START Material for this exercise
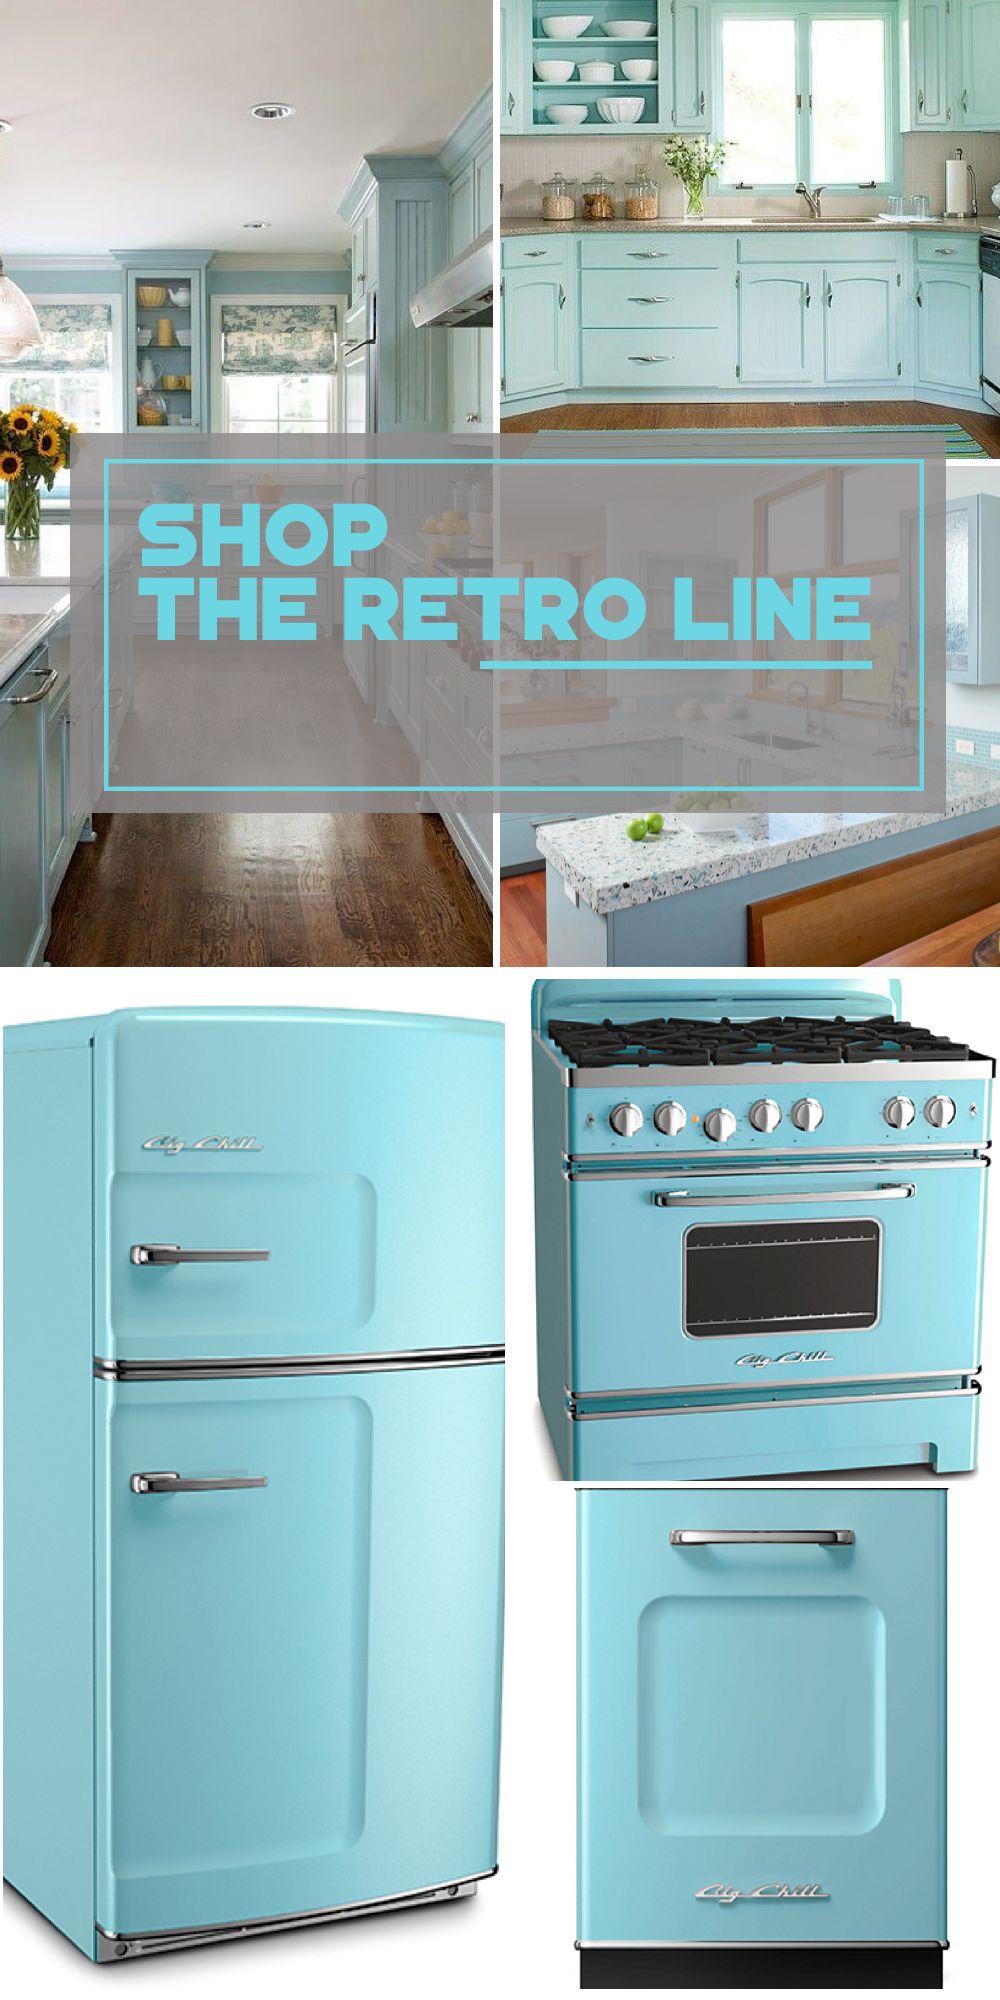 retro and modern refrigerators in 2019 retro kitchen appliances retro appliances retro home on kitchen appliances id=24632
END Material for this exercise
START Material for this exercise
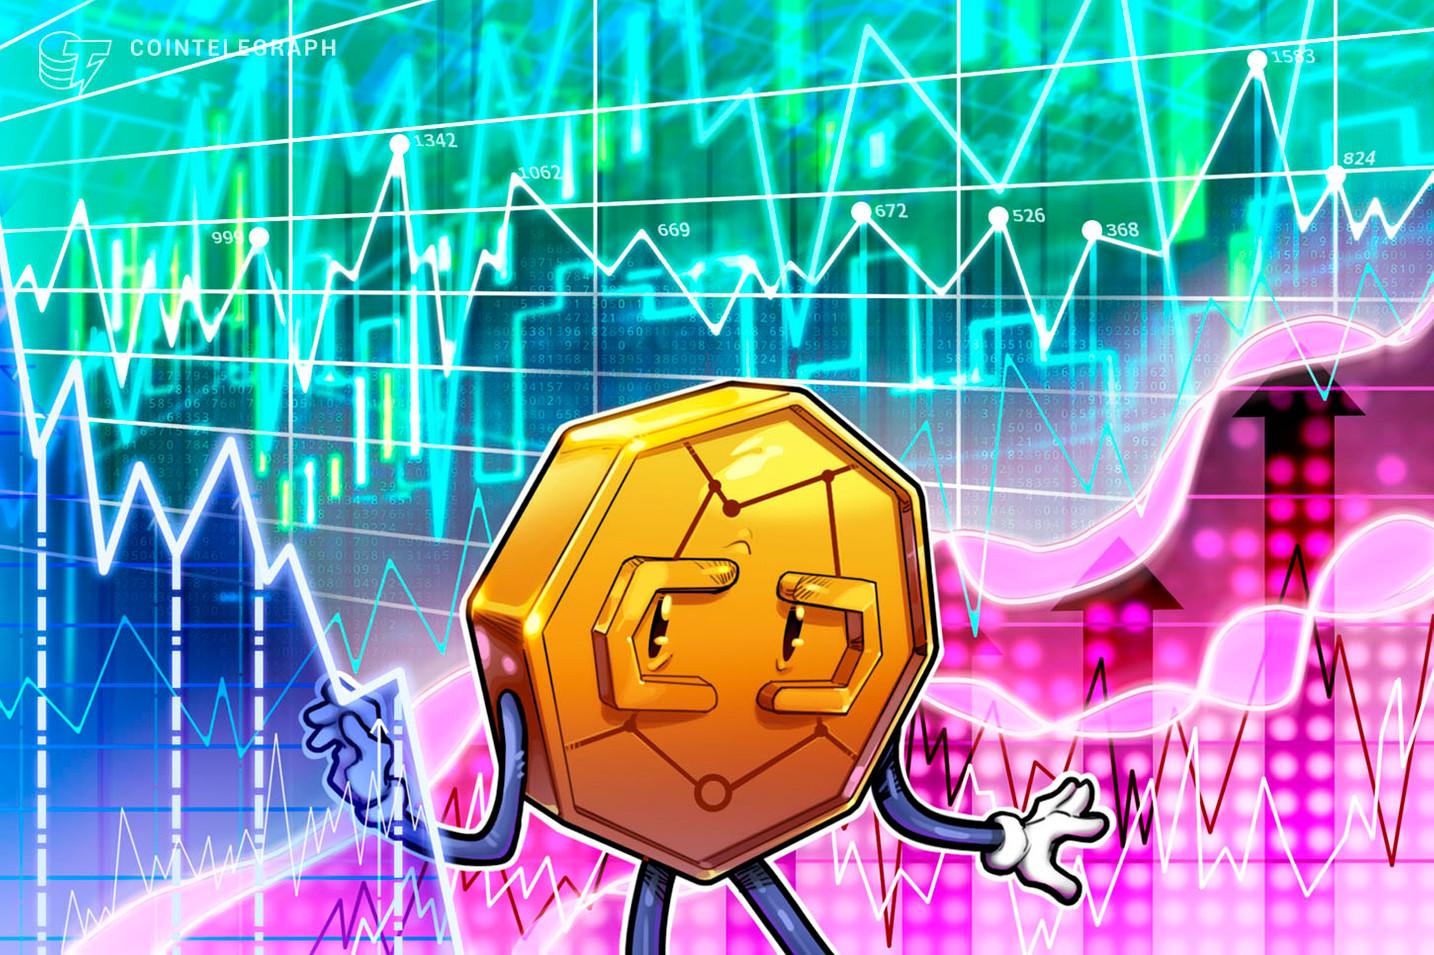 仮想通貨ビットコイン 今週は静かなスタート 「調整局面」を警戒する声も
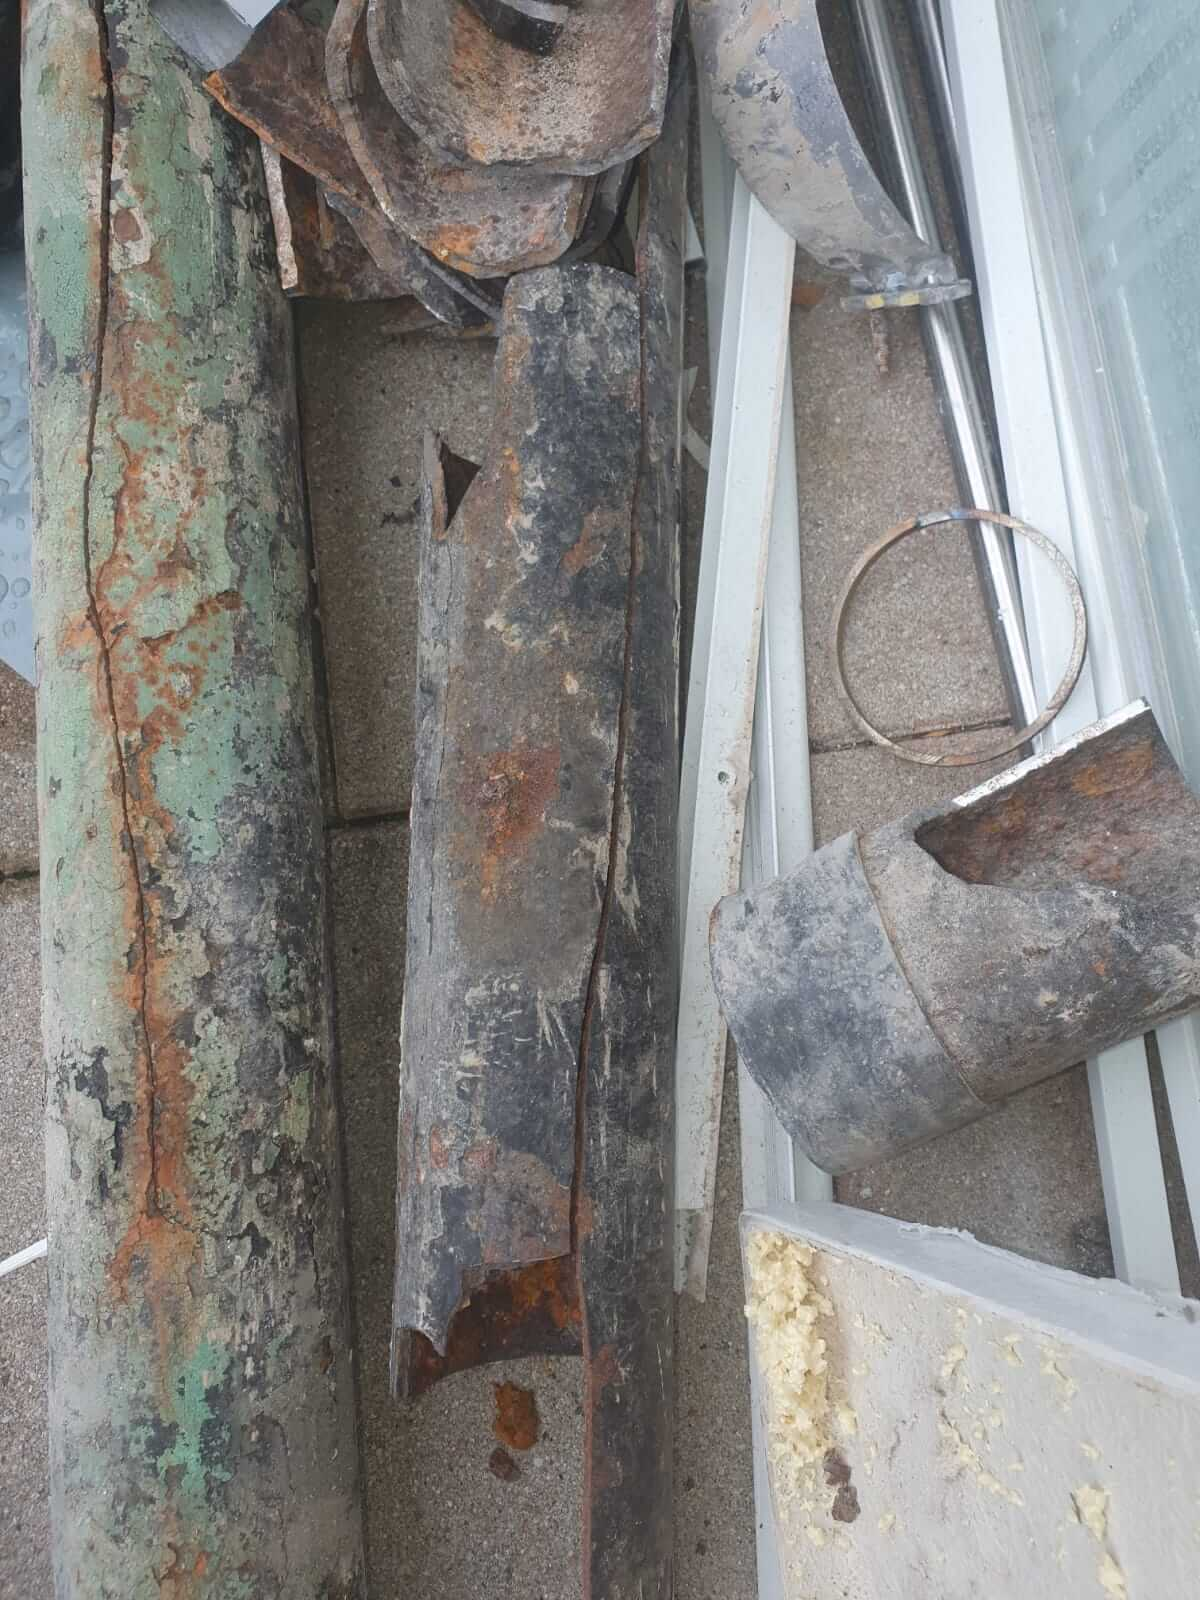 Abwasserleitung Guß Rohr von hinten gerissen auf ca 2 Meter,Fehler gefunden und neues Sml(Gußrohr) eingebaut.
END Material for this exercise
# [Directions for this task]
Please repeat the lines of the material above exactly, starting with the line that contains "仮想通貨ビットコイン 今週は静かなスタート 「調整局面」を警戒する声も" and ending with the line that contains "Abwasserleitung Guß Rohr". Leave the pictures out.

# [Finished exercise]
 仮想通貨ビットコイン 今週は静かなスタート 「調整局面」を警戒する声も
 Abwasserleitung Guß Rohr von hinten gerissen auf ca 2 Meter,Fehler gefunden und neues Sml(Gußrohr) eingebaut.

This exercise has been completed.